**The task:**
Write out the entire listing below exactly as it appears, minus any pictures.

**Information supplied:**
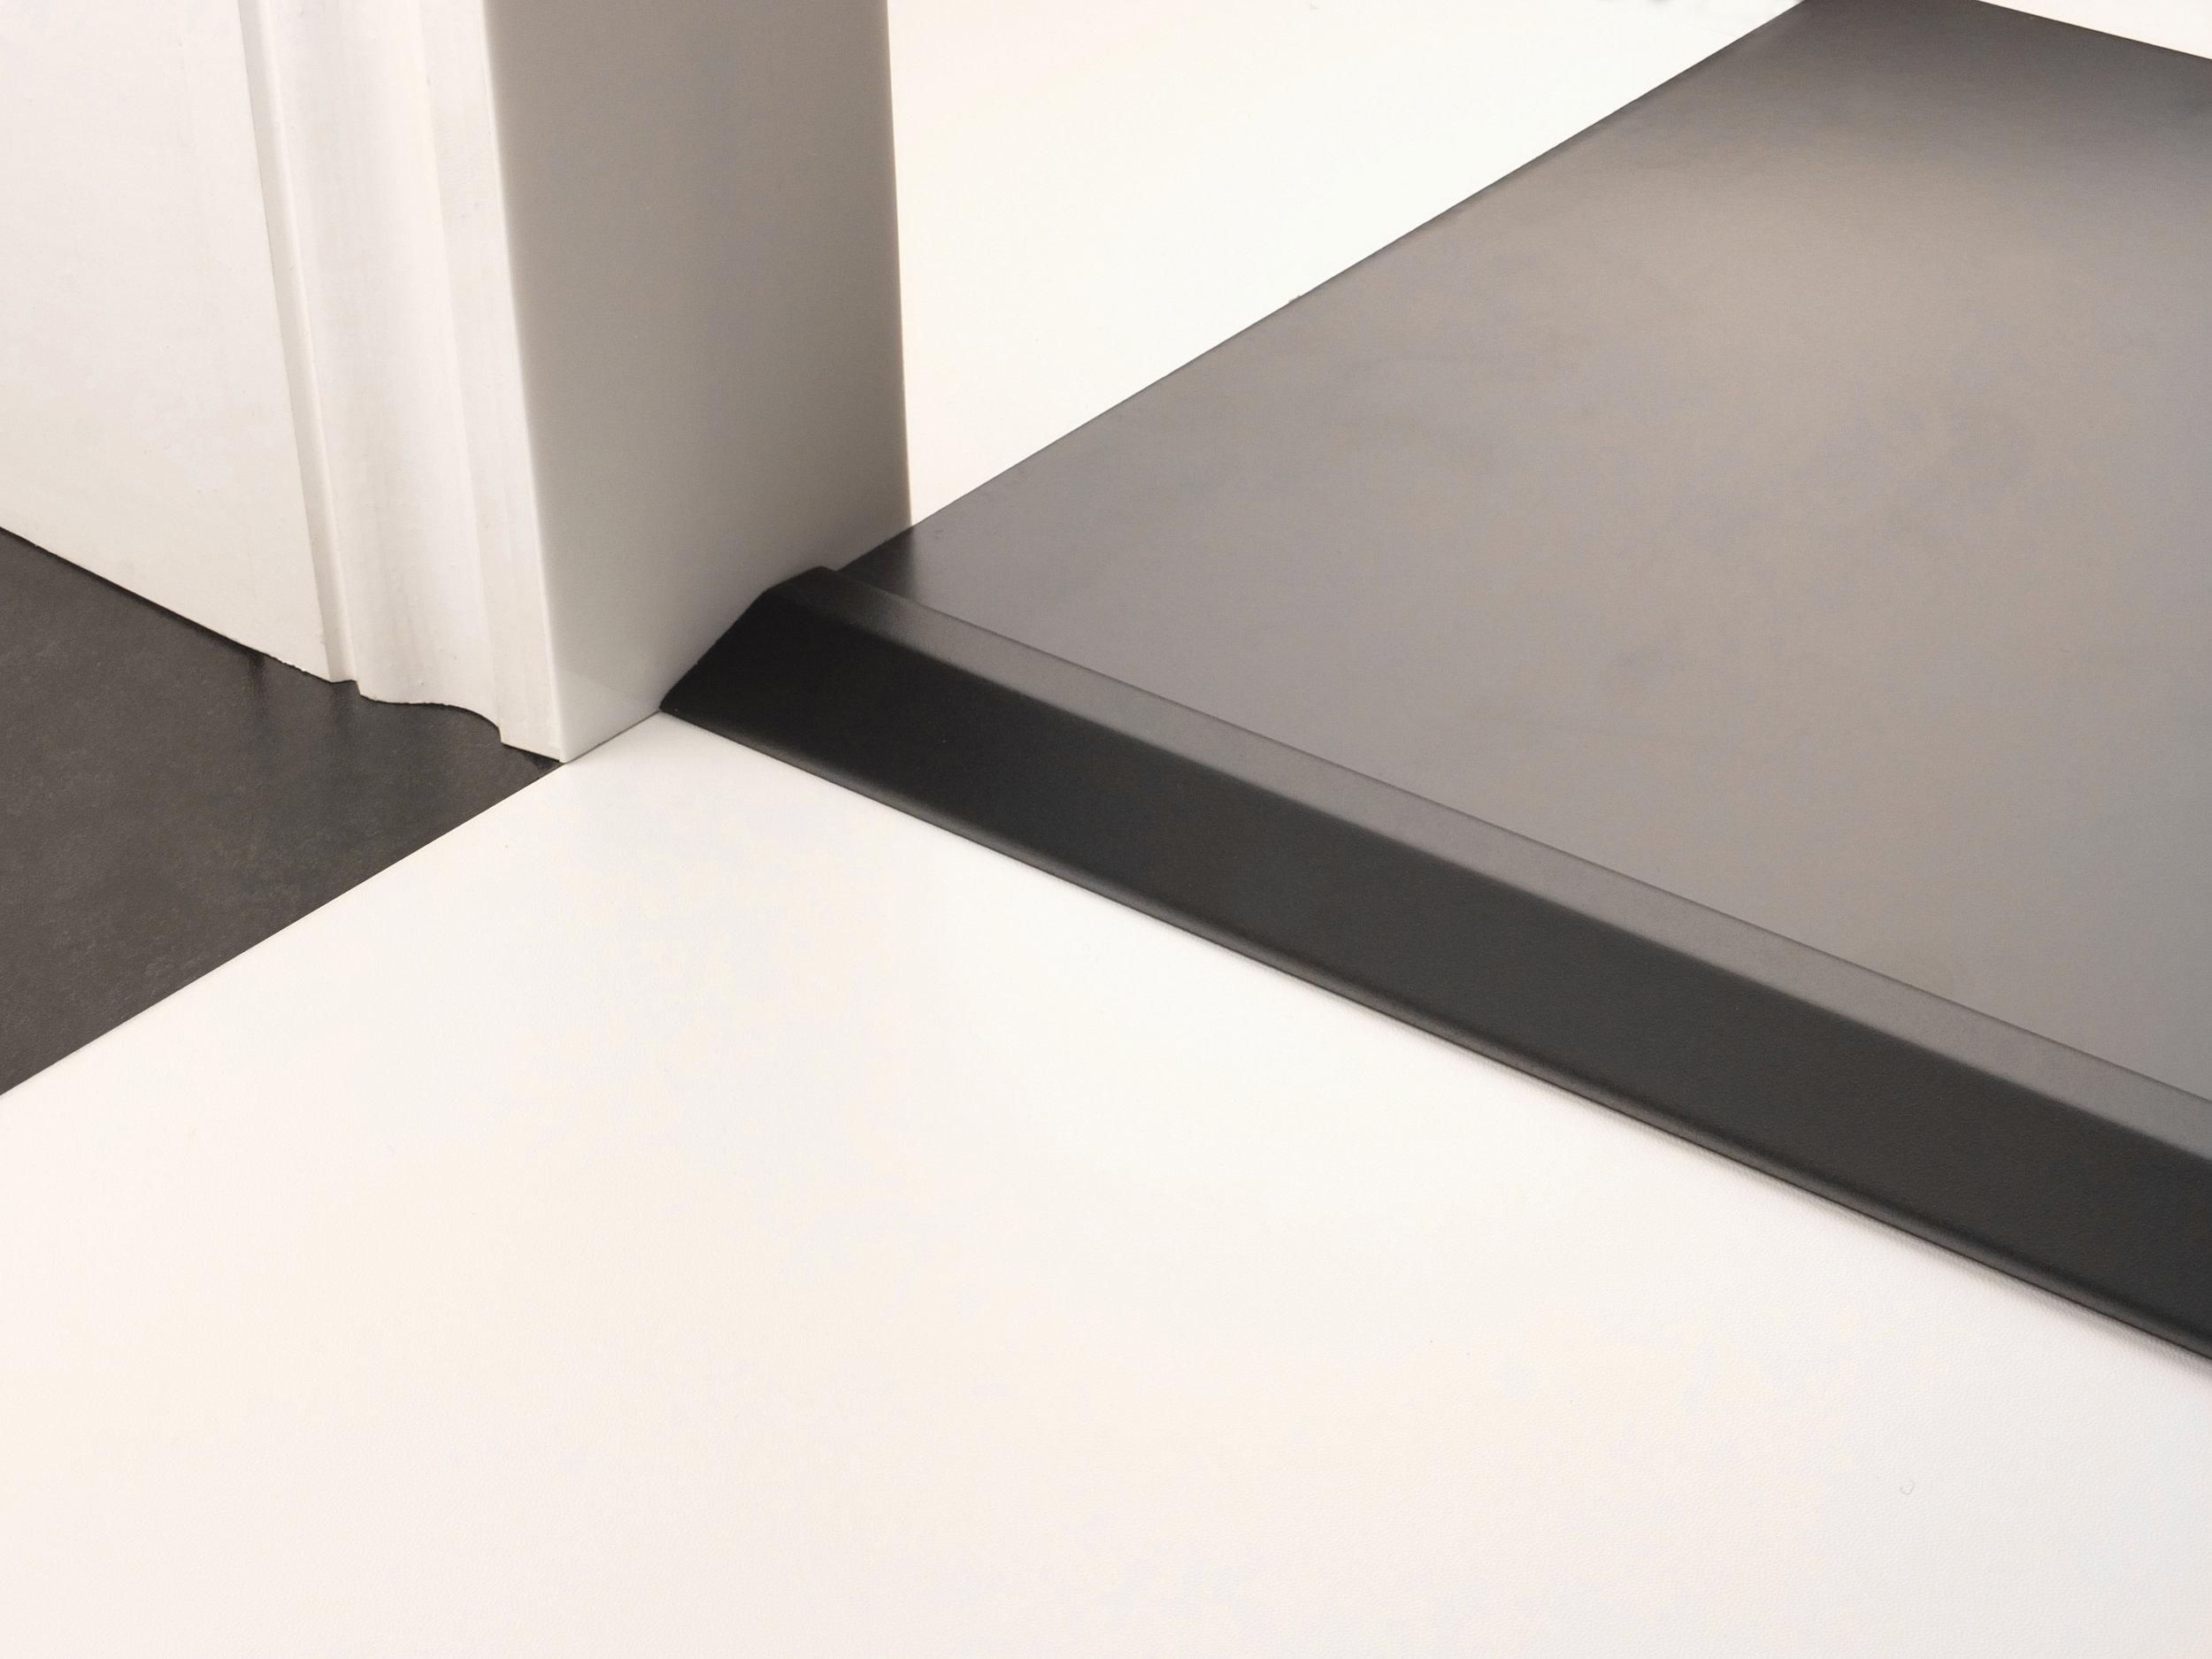 stairrods-doorbar-black-ramp.jpg
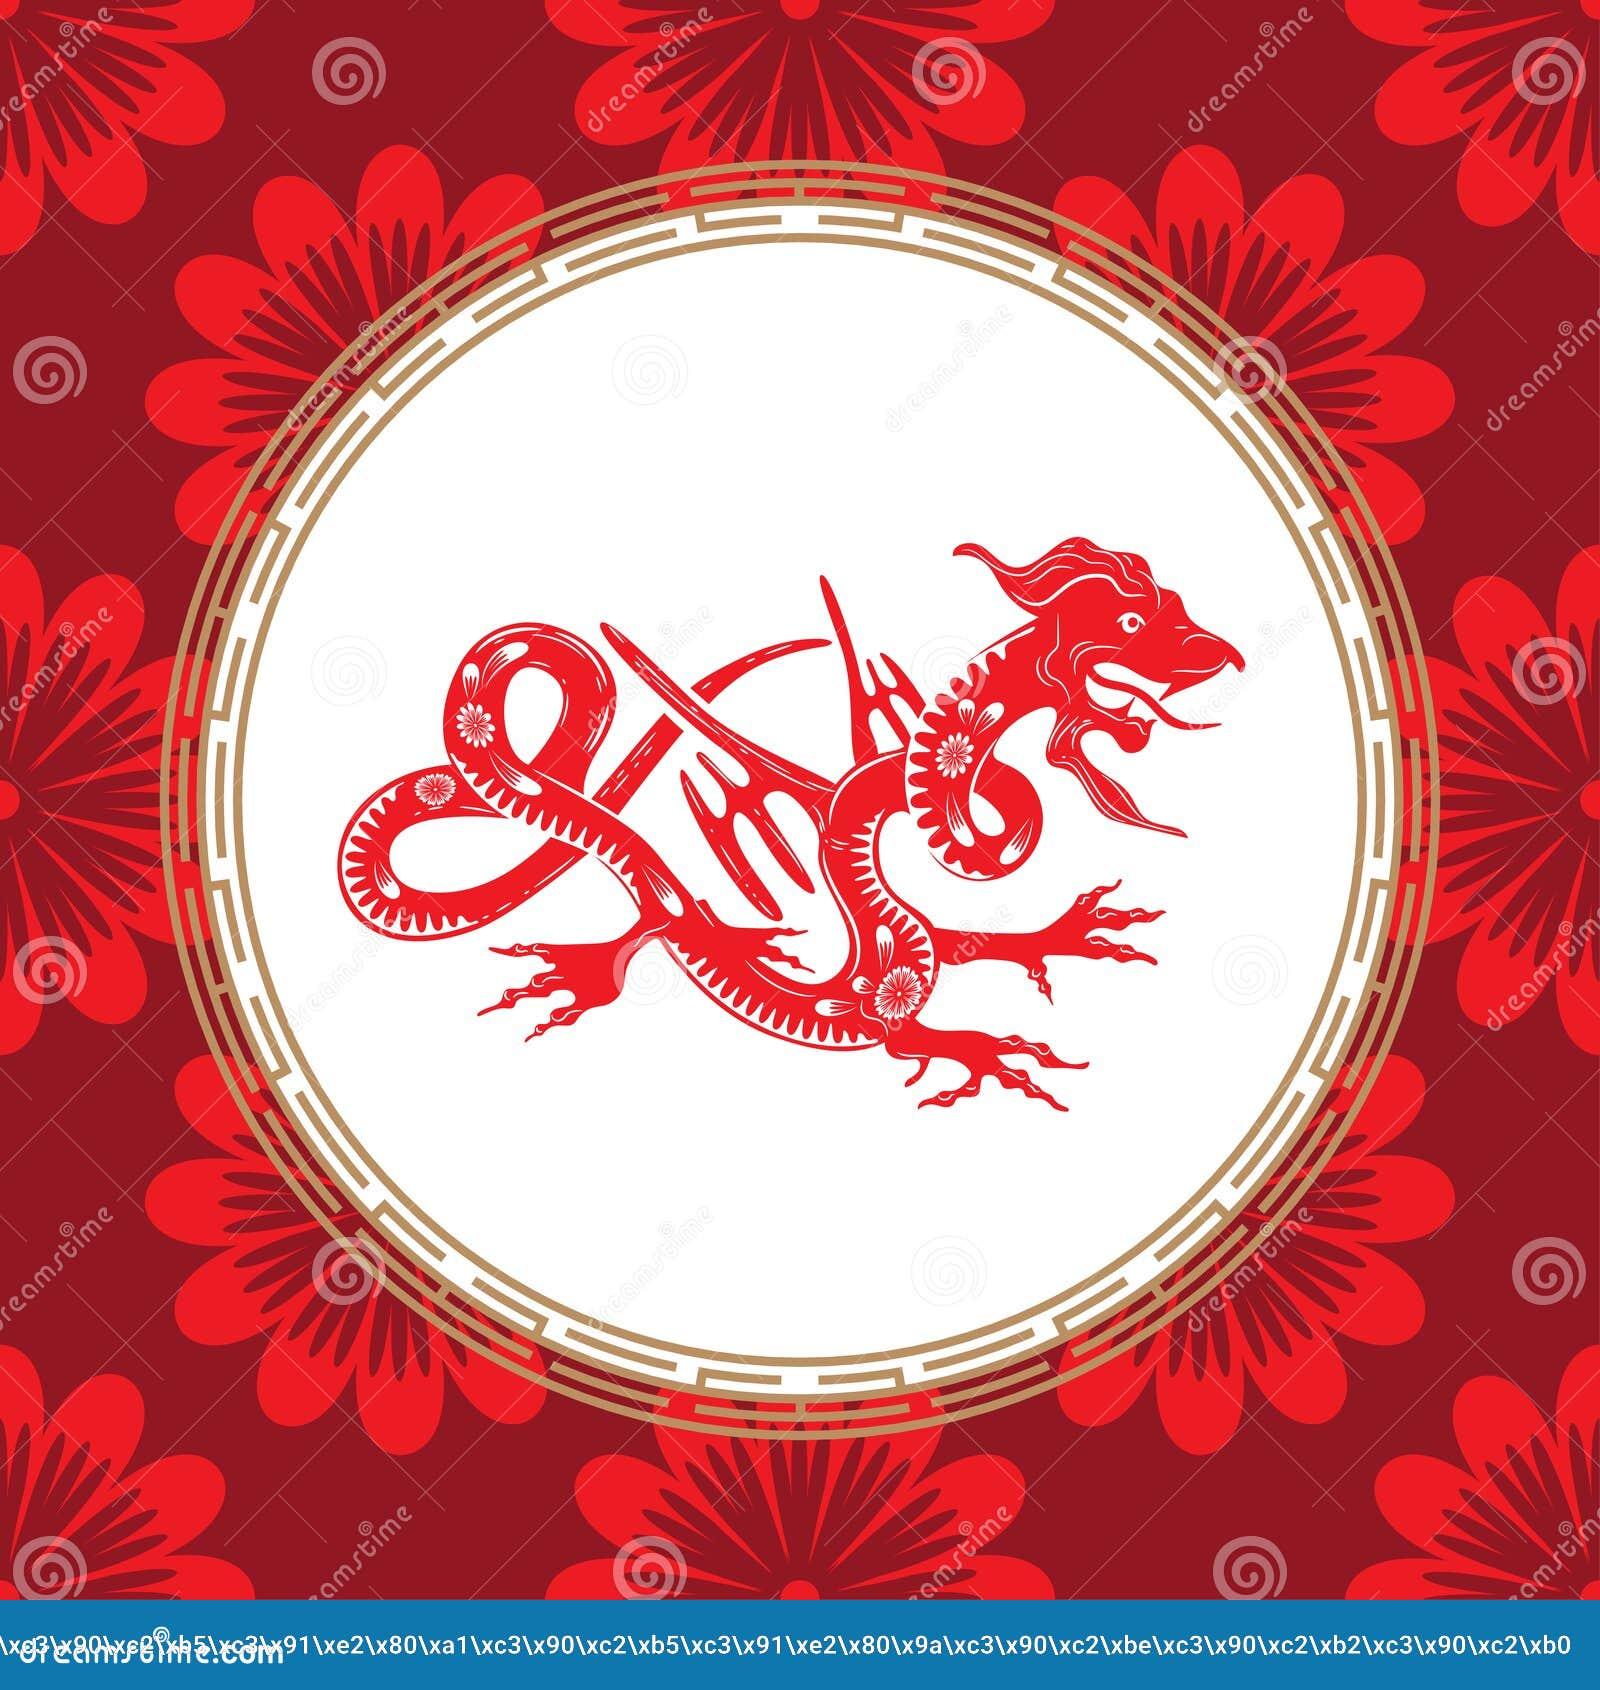 Chiński zodiaka znak rok smok Czerwony smok z białym ornamentem Symbol wschodni horoskop
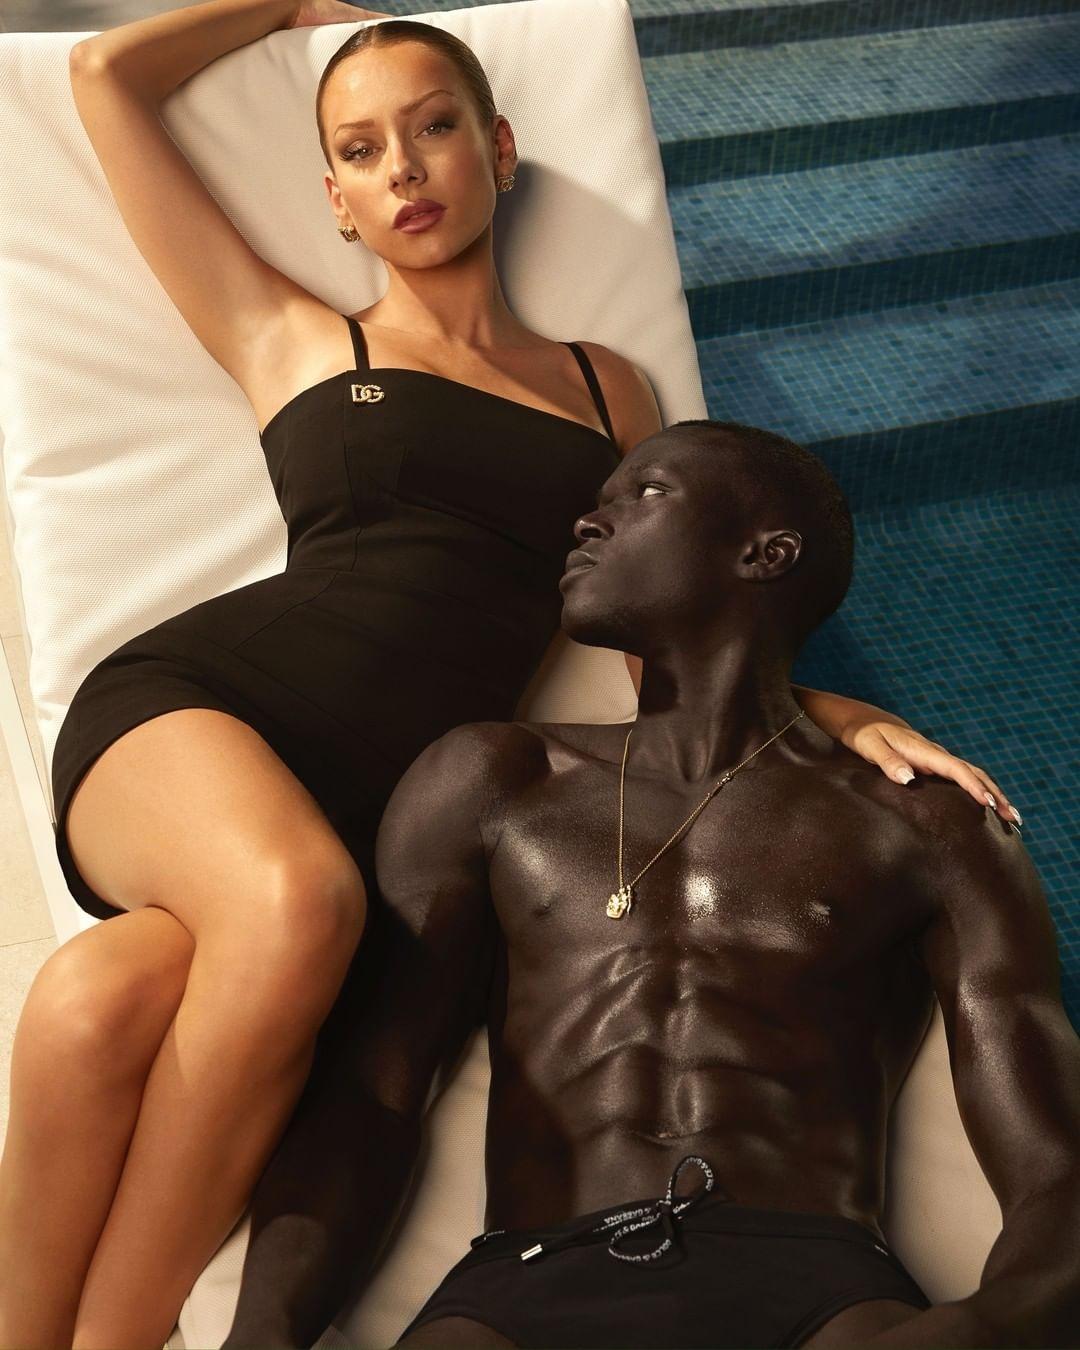 """Звезда сериала """"Элита"""" Эстер Экспосито стала лицом новой рекламной кампании Dolce&Gabbana (ФОТО) - фото №4"""
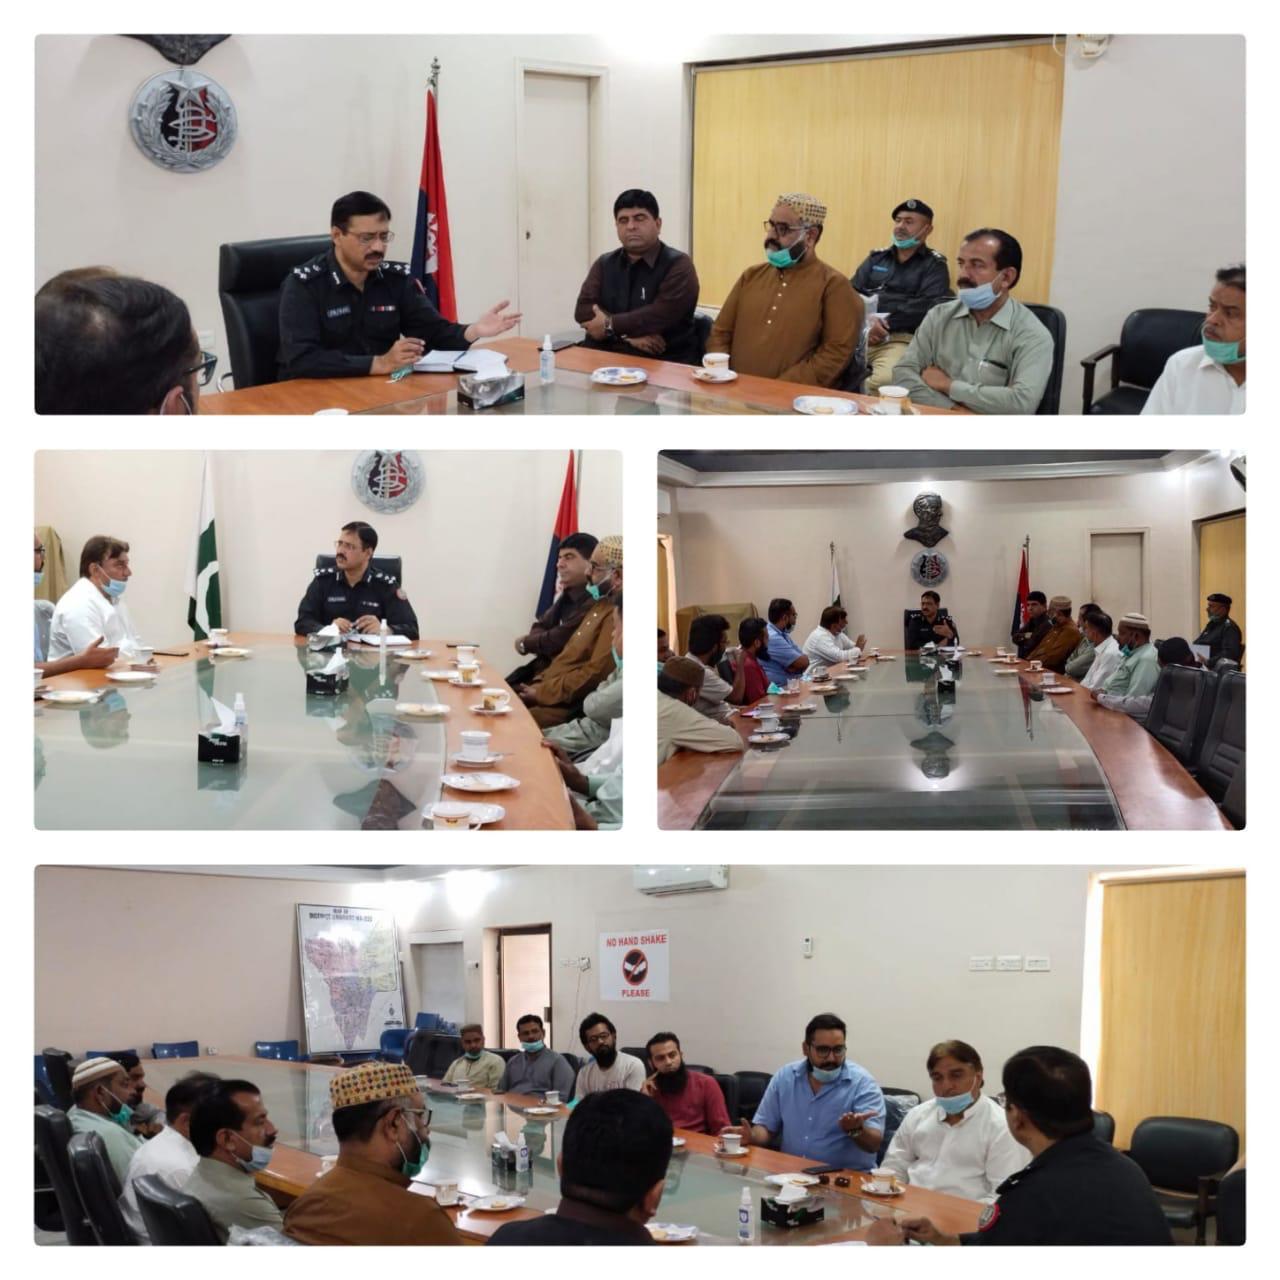 ڈپٹی انسپکٹر جنرل آف پولیس میرپورخاص رینج ذوالفقار علی مہر صاحب کی جانب سے انجمن تاجران ضلع میرپورخاص کے وفد سے ملاقات

**Finished task:**
 stairrods-doorbar-black-ramp.jpg
 Chiński zodiaka znak rok smok Czerwony smok z białym ornamentem Symbol wschodni horoskop
 """Звезда сериала """"Элита"""" Эстер Экспосито стала лицом новой рекламной кампании Dolce&Gabbana (ФОТО) - фото №4"""
 ڈپٹی انسپکٹر جنرل آف پولیس میرپورخاص رینج ذوالفقار علی مہر صاحب کی جانب سے انجمن تاجران ضلع میرپورخاص کے وفد سے ملاقات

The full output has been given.